I have Nokia 6070, a CA 42 USB-Serial Data Cable, AirTel GPRS connection, which works fine on Windows XP. After searching a lot how to connect the phone and use GPRS via the cable I came across *this* UBUNTU forum guide. I did not knew about WvDial before. I did just as mentioned there and configured my wvdial.conf which now looks like :-
_______________________________________________
[Modem0]
Modem = /dev/ttyS1
Baud = 19200
SetVolume = 0
Dial Command = ATDP
Init1 = ATZ
Init3 = ATM0
FlowControl = XONXOFF

[Dialer Defaults]
Modem = /dev/ttyUSB0
Baud = 230400
Init1 = ATZ
Init2 = ATQ0 V1 E1 S0=0 &C1 &D2 +FCLASS=0
ISDN = 0
Modem Type = Analog Modem
Phone = *99#
Username = *
Password = *
Stupid Mode = 1
________________________________________________
I have no internal(soft) or external modem except the N 6070 as it recognises.
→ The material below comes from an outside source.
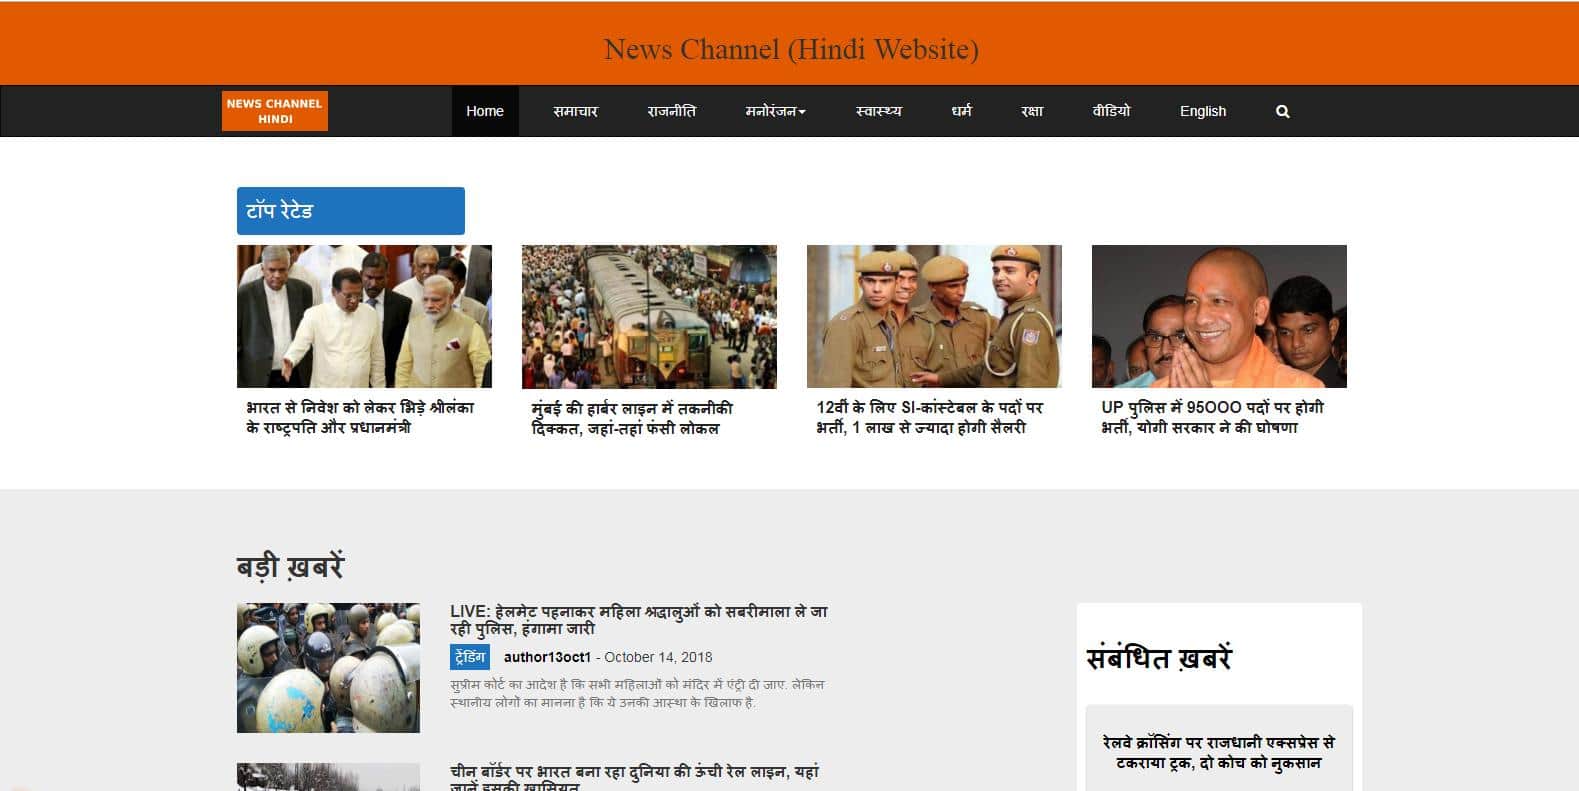 News channel - Hindi Website

All set, I WVDIALed and got o/p as below :-
____________________________________________
[root@airtelgprs ~]# wvdial
--> WvDial: Internet dialer version 1.54.0
--> Cannot get information for serial port.
--> Initializing modem.
--> Sending: ATZ
ATZ
OK
--> Sending: ATQ0 V1 E1 S0=0 &C1 &D2 +FCLASS=0
ATQ0 V1 E1 S0=0 &C1 &D2 +FCLASS=0
OK
--> Modem initialized.
--> Sending: ATDT*99#
--> Waiting for carrier.
ATDT*99#
CONNECT
~[7f]}#@!}!} } }2}#}$@#}!}$}%\}"}&} }*} } g}%~
--> Carrier detected.  Starting PPP immediately.
--> Starting pppd at Mon Oct  2 10:38:04 2006
--> pid of pppd: 2504
--> Using interface ppp0
--> pppd: ults
--> pppd: ults
--> pppd: ults
--> local  IP address 172.28.37.241
--> pppd: ults
--> remote IP address 10.6.6.6
--> pppd: ults
--> primary   DNS address 202.56.230.5
--> pppd: ults
--> secondary DNS address 202.56.230.6
--> pppd: ults
_______________________________________
Now it shows that GPRS is activated, which is also shown in the phone, the thw icons, open lock and small G within square as u ppl know when we use packet data connection. Now I should be able to browse net, but not a single page opens.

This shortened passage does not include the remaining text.